This would leave a gap in the response of the speaker system, the audibility of which you would have to judge. Dips are less objectionable than peaks and at least you can be assured that the 4 ohm tweeter would suffer no damage.
Obviously an L-pad can't help restore the crossover point, it can only attenuate the replacement tweeter if happens to be louder than the original.
Without a crossover schematic to inform the experts, and given the urgency of your situation, I can't see you have any option other than to go with your reasoning. Your ears will tell you how valid that reasoning is!
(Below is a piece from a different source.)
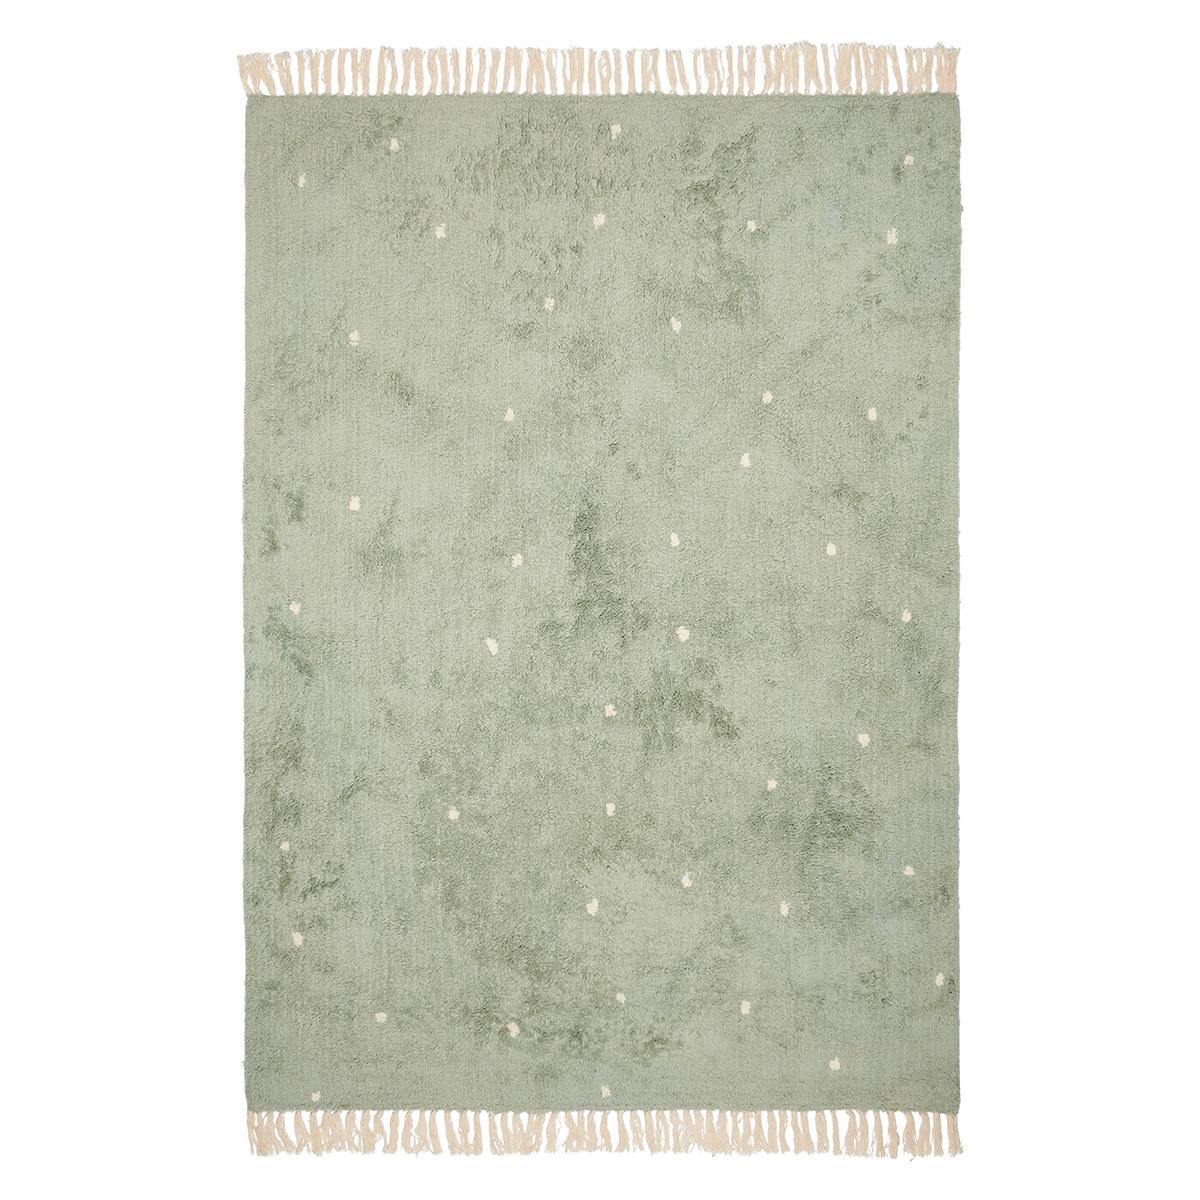 Tapis Tapis Dot Pure Mint - 120 x 170 cm Tapis Dot Pure Mint - 120 x 170 cm
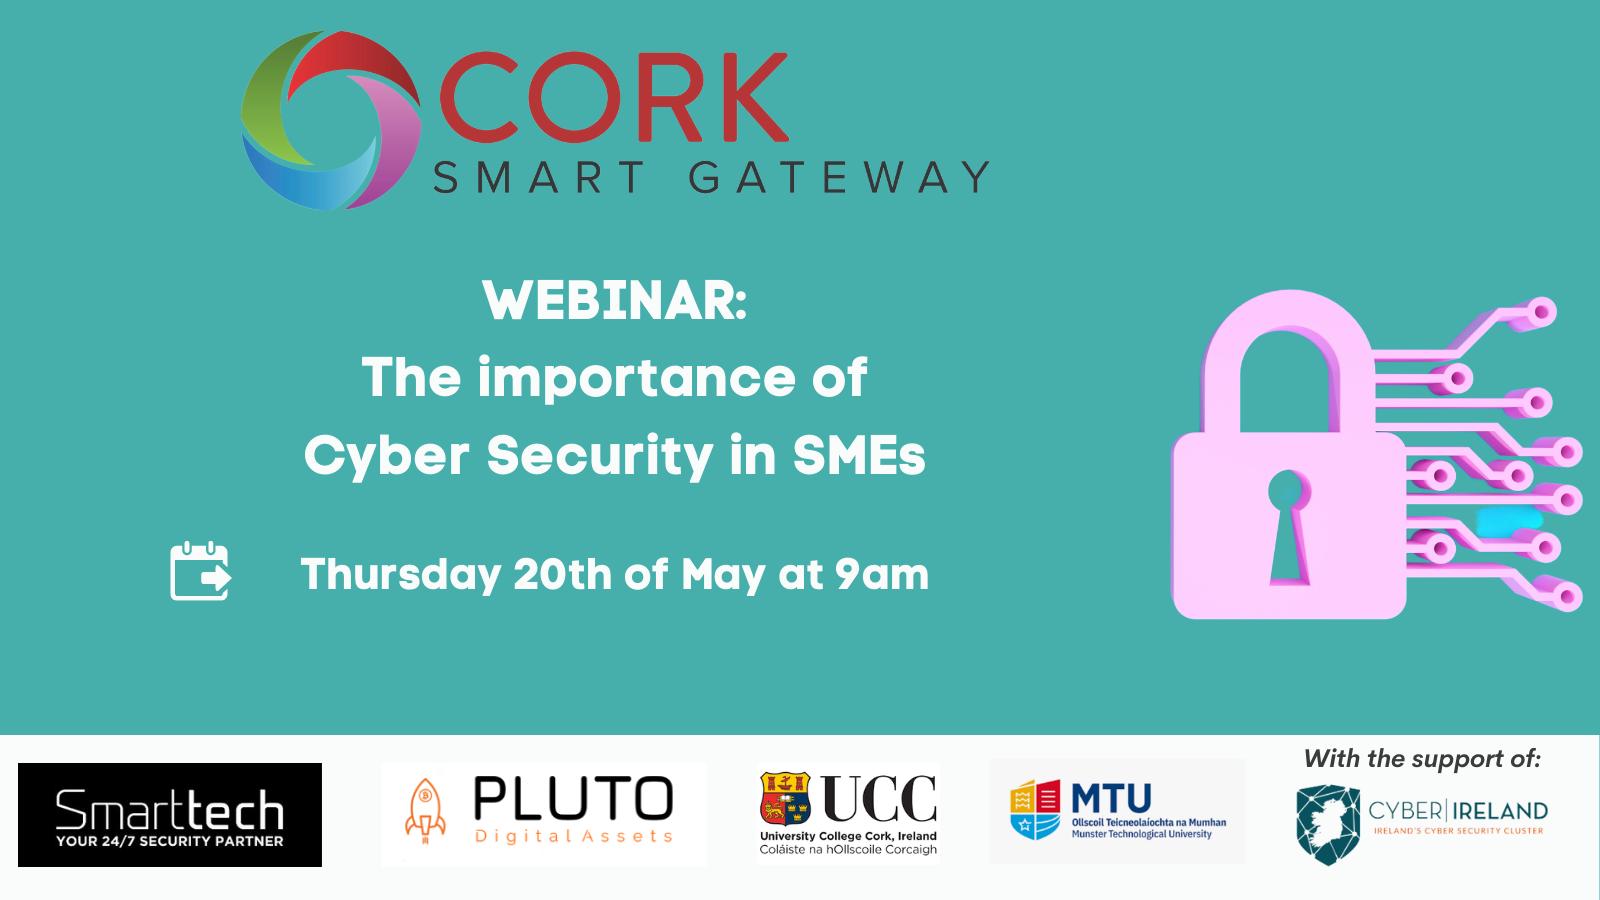 Cork Smart Gateway

Do let us know how you get on.
Ok, now I think we may have enough information to figure out the schematic on the PSB Image 2B crossover and figure out what the impedance was of the original tweeter.
Attached are photos of the topside and underside of the XO PCB.
When looking at the underside photo, the speaker (+) terminal is on the left. Yellow wire is tweeter (+), blue is tweeter (-). On the woofer, I'm not quite sure which is (+) on the woofer side but it looks to me the iron core inductor jumps from the positive terminal to the black wire so maybe black is (+) on the woofer?
When looking at the topside photo, the cap lowest down and to the right is 8.0 uF. The next one up and sort of in the middle of the board is the 1.5 uF. The other cap at the top is 12 Ohms. I don't know the inductance ratings of any of the inductors.
Right off the get-go, it appears to me that the 3.3 ohm resistor is in series with the tweeter (+). Is that correct?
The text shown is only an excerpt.